# Excel: Wenn Funktion mit Liste als Auswahl



## logikwoelkchen.css (16. November 2010)

Hi

Hab hier wohl ein Verständnissproblem 
Intensives Suchen bei Google hat auch nicht geholfen.

Ich will,

dass man in einem Drop Down Menü sich zB für eine Automarke entscheiden kann, und in dem Feld daneben ebenfalls mit einem Drop Down Menü für das spezifische Modell des jeweiligen Hersteller.

Dabei soll im dann eine Art "Wenn" Funktion eingebaut sein.

Wenn Audi gewählt ist, erscheint im zweiten Feld nur A2,A3,A4;Q5;Q7.
Wenn VW im ersten gewählt ist, dann soll im zweiten nur Polo,Golf;Passat auswählbar sein.
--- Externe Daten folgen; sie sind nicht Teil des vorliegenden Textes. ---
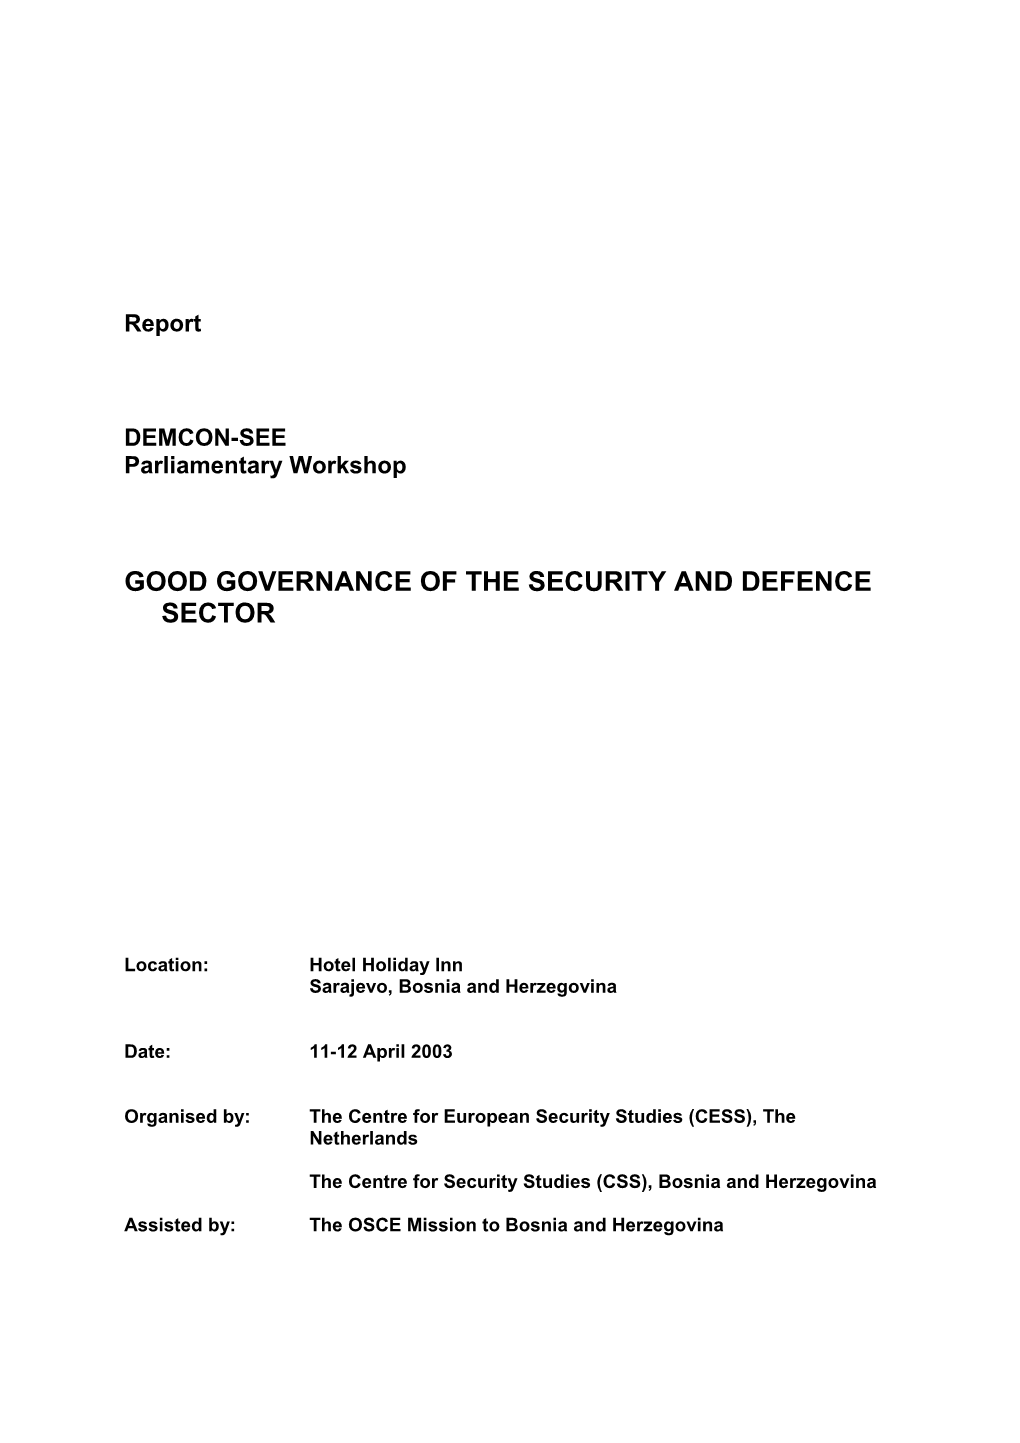 Good Governance of the Security and Defence Sector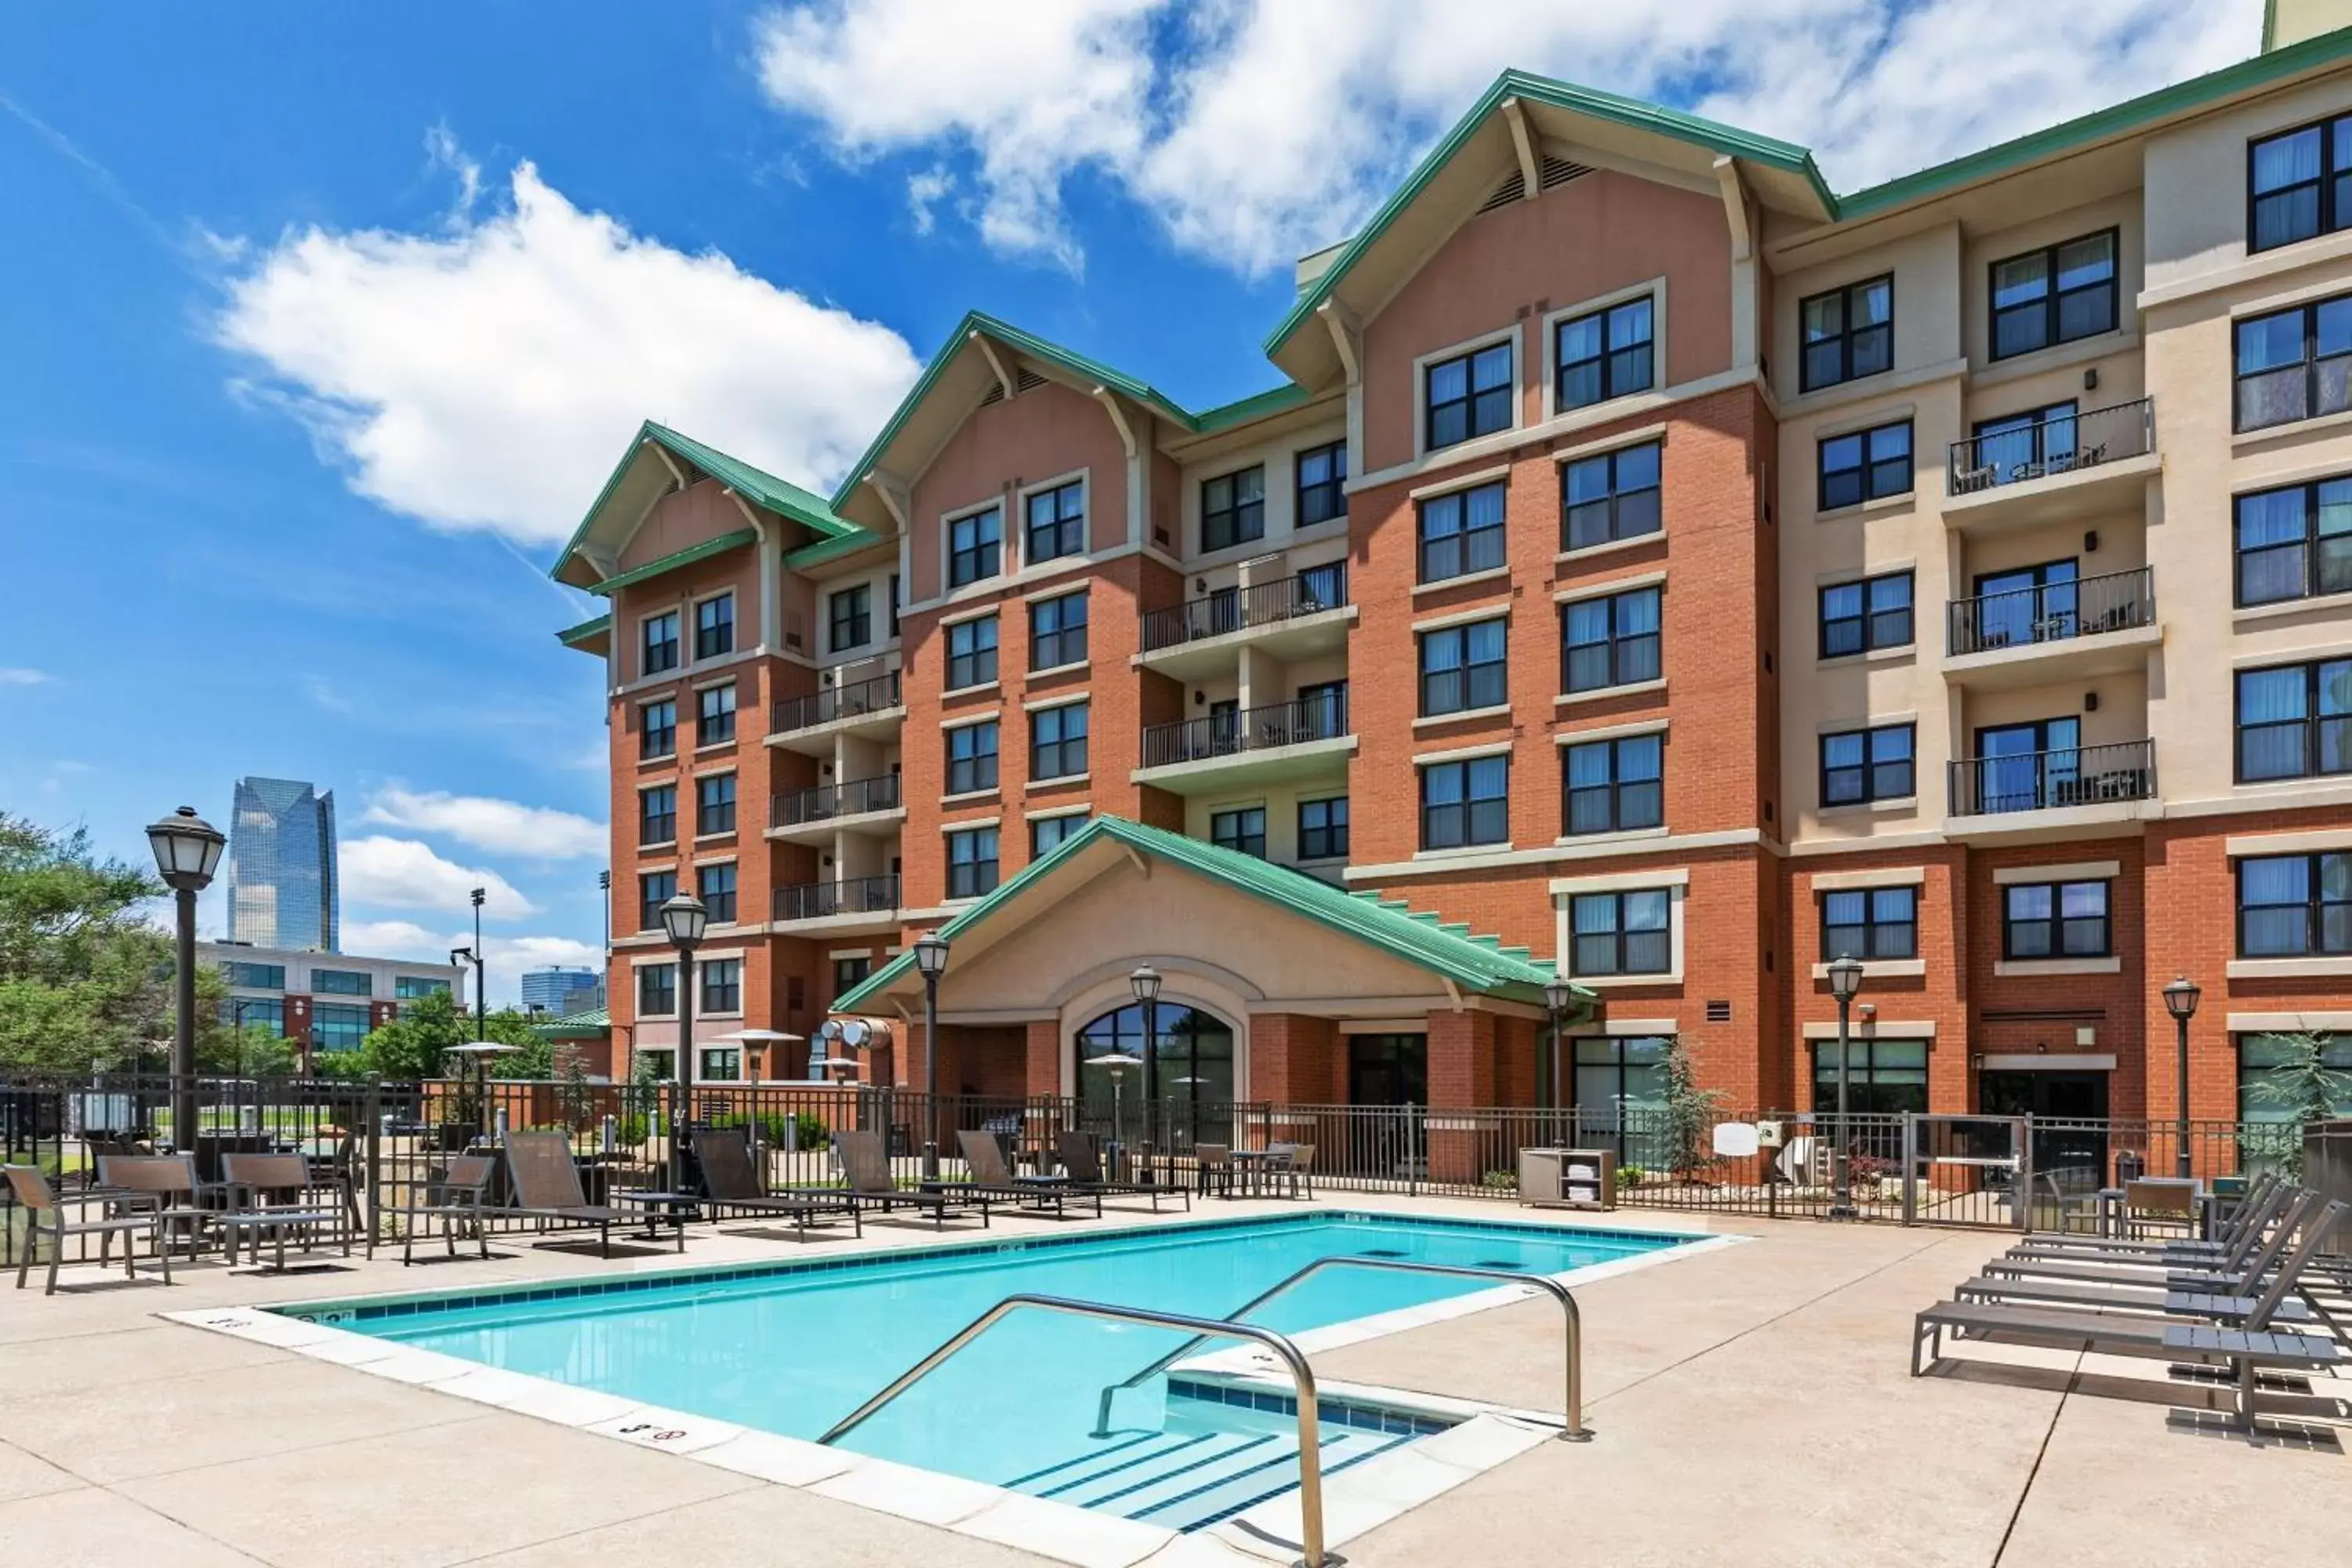 Swimming pool, Property Building in Residence Inn by Marriott Oklahoma City Downtown/Bricktown

Was ich geschafft habe, ist mit Hilfe dert Wahl Funktion das ganze für Zahlen zu realisieren. Sobald ich aber Text einsetze, klappt es nciht mehr, da Wahl nur Zahlen liefert.

Wie dann ?

Danke

In dem mir vorliegenden ExcelSheet wird das ganze über eine =Wahl(Vergleich)) Funktion realisiert. Aber selbst wenn ich diese eins zu eins abschreibe im gleichen Dokument verweigert Excel den Dienst .. liegt es an einer Formatierung ?


----------